Olga and I decided this summer to run Cappadocia Ultra Trail – a 119km ultra in central Turkey, a tourist area famous for the cone-shaped rock formations and Bronze Age homes carved into valley walls. Best viewing is from either a traditional hot air balloon or the Cappadocia Ultra Trail race. We chose the race.

With Pornsak and Mubarak

My Running Buddy, Pornsak
When we were at Race Registration to pick up our bibs, we were pleasantly surprised to bump into Pornsak, a Thai ultrarunner based in Oman, who runs all the Urban Ultra events with us. Running with people you know at these big events is such a luxury. Pornsak and I run about the same pace, so we are constantly passing each other over the course: he blasts by me on the downhills and I plod past him on the uphills.
The Cappadocia course takes us through the canyons and valleys where so many of the homes carved into the walls are visible. There are many rural villages between the valleys, where we appeared to be exotic entertainment to the locals confounded by the logic of running between villages instead of riding horses.

Running through the valleys provides best views

Finding Mubarak
Pornsak and I do not plan to run together, but we know that we will because it always happens that way.
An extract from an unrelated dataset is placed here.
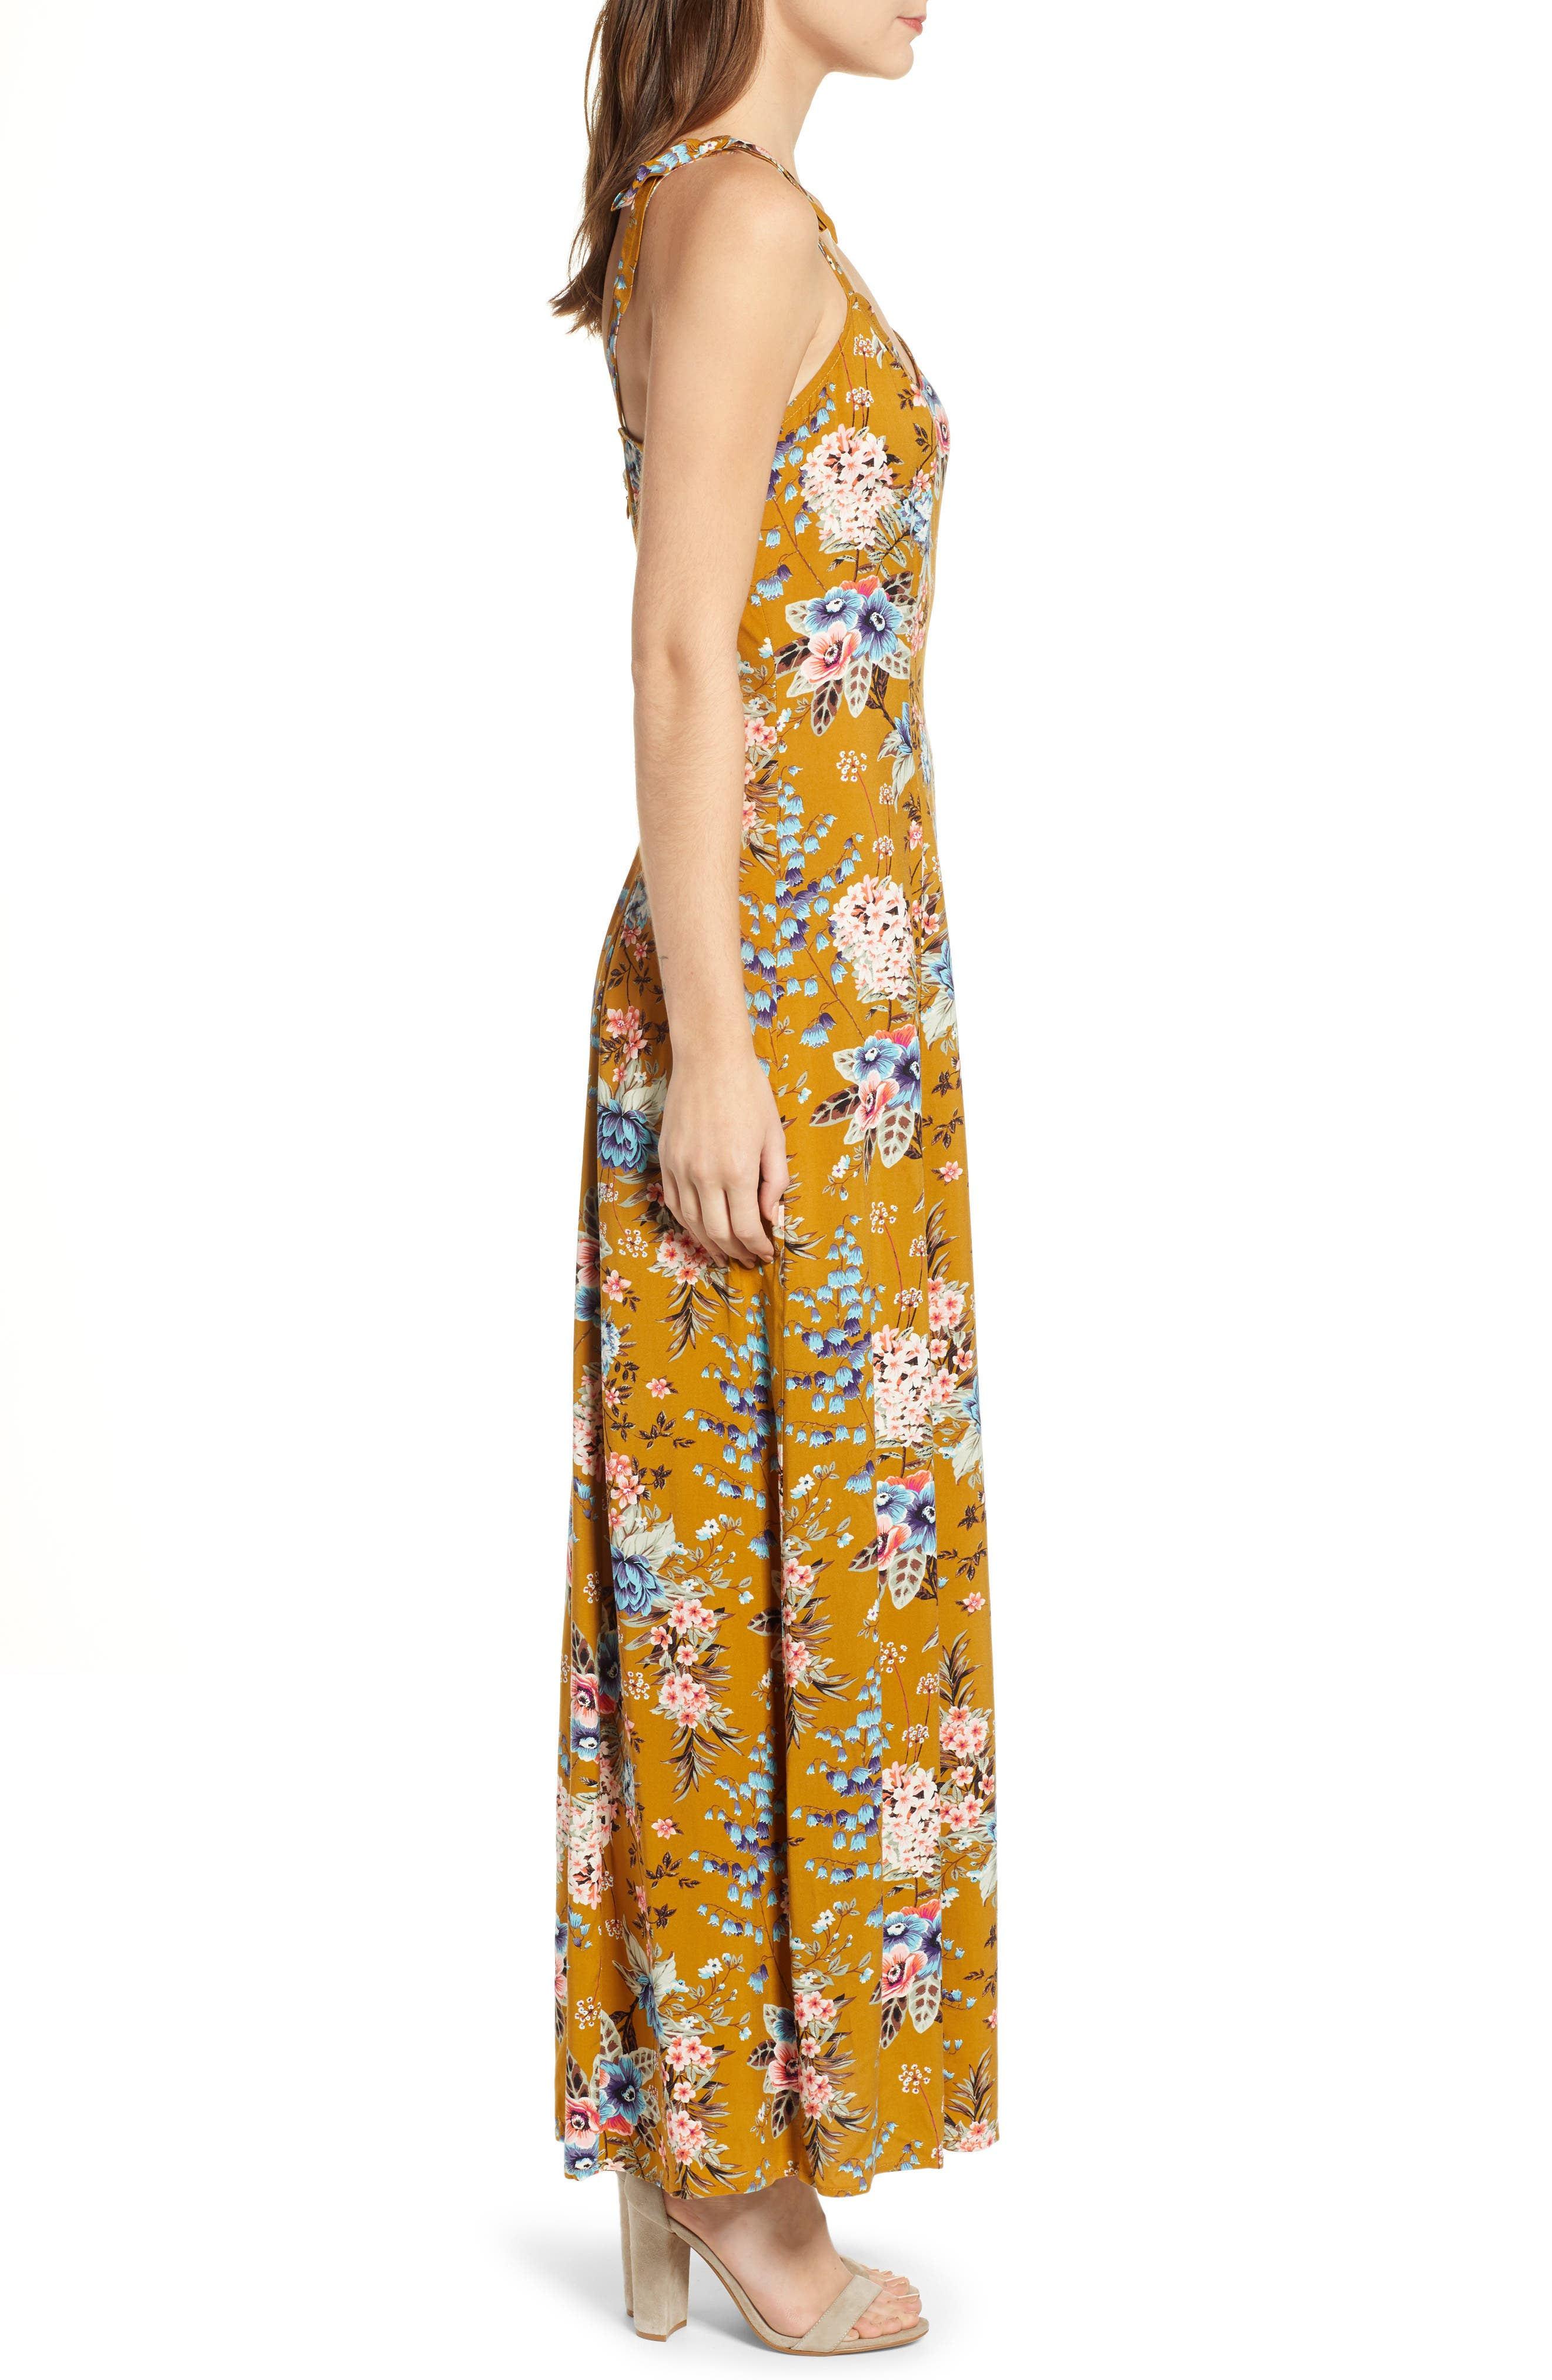 BP., Floral Tie Strap Maxi Dress, Alternate thumbnail 4, color, BROWN BRONZE KRISTA FLORAL
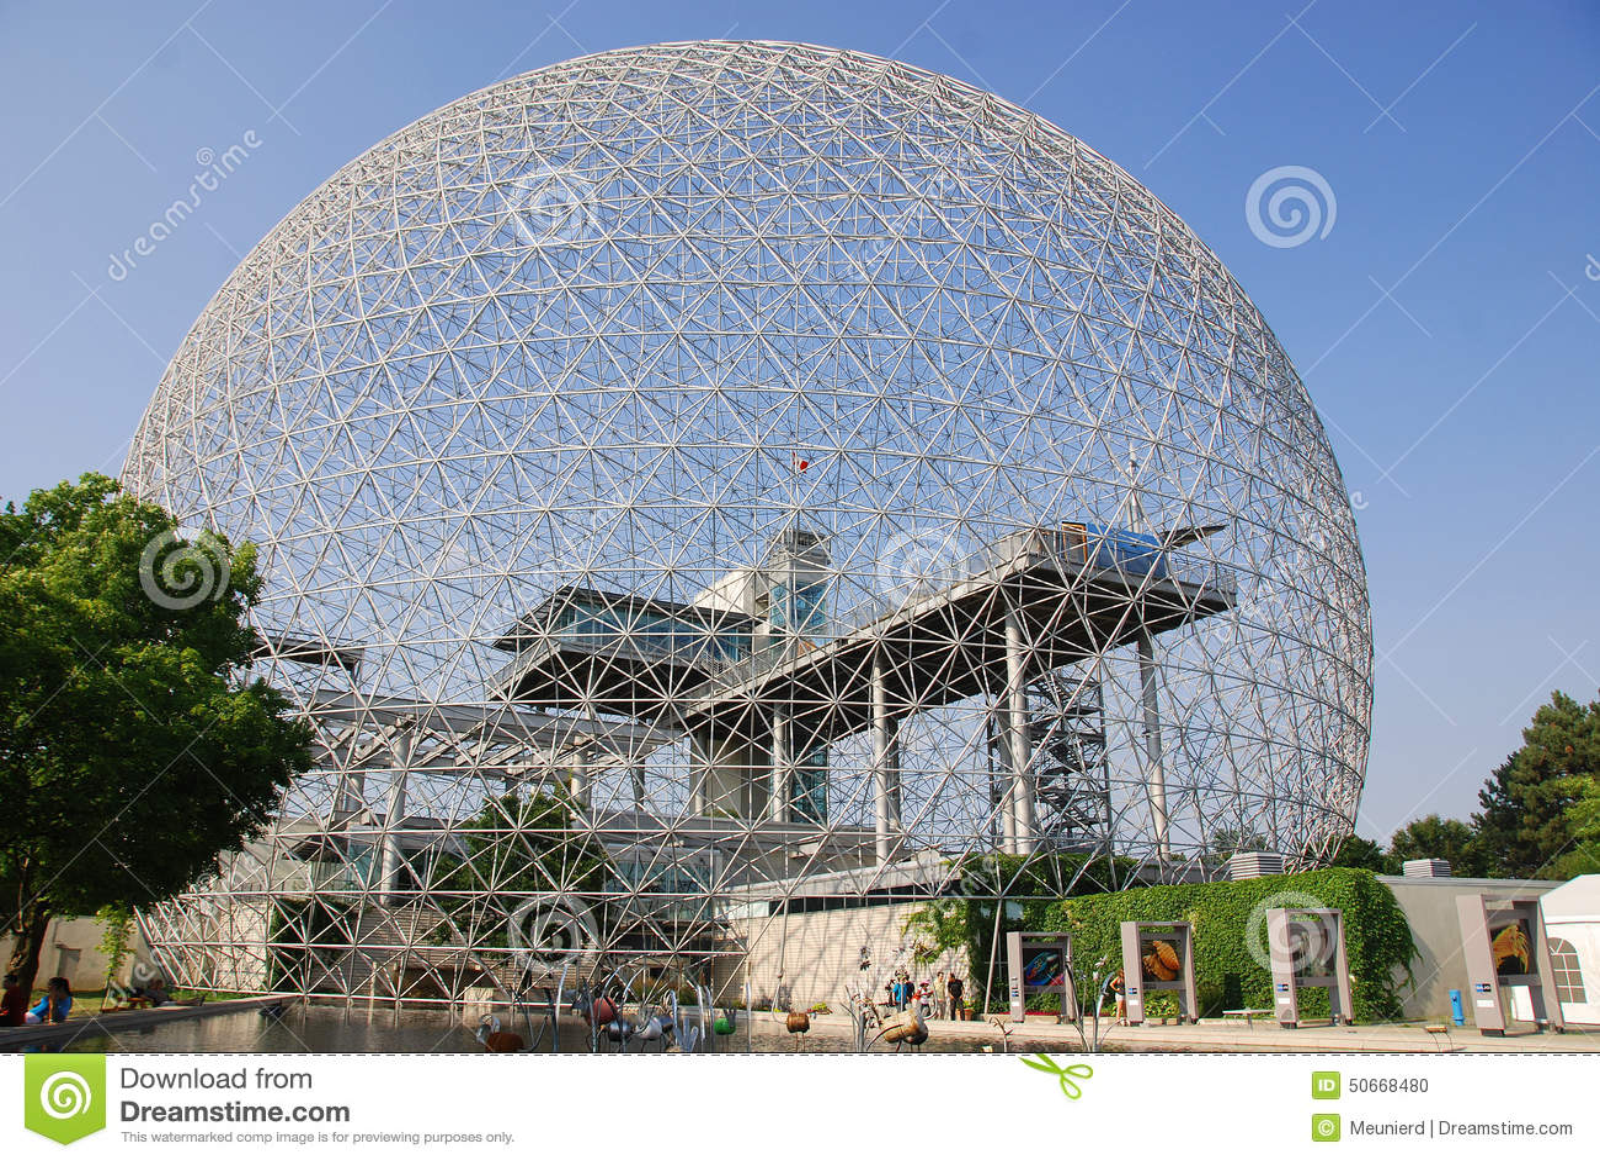 Geodätische Kuppel die geodätische kuppel redaktionelles bild bild biosphäre

He passes me at 3km. I pass him at 10km. He passes me at 14km. We run together for an hour or two from 25km. At 36km, we catch up to Mubarak, a Qatari runner whom Pornsak meet at UTMB CCC event earlier this year. Pornsak catches me again at 62km. The beauty of running is that there is often an instant bond and commonality without any agenda: we love running and running brings together diverse people who share the same passion.

Pornsak caught me gracefully flailing out of control

Dirt + Rain = Mud
Having running buddies on the course make running ultras fun. Sometimes you need some help with your gear or food. Sometimes you seem lost and want to get directions. Sometimes you are losing your marbles and need some support. After 14 hours of running on dirt trails, it got dark and it started to rain hard. I am fine with rain, but I forgot the first chemical formula every five year old learns: Dirt + Rain = Mud. In Cappadocia I discovered a special mud with which they build houses and use as an industrial strength adhesive. The mud was caked 3cm thick on the bottom of my running shoes, causing them to frequently come off. This was an emotional low point for me, as the mud also doubled the weight of my size 48 Saucony’s.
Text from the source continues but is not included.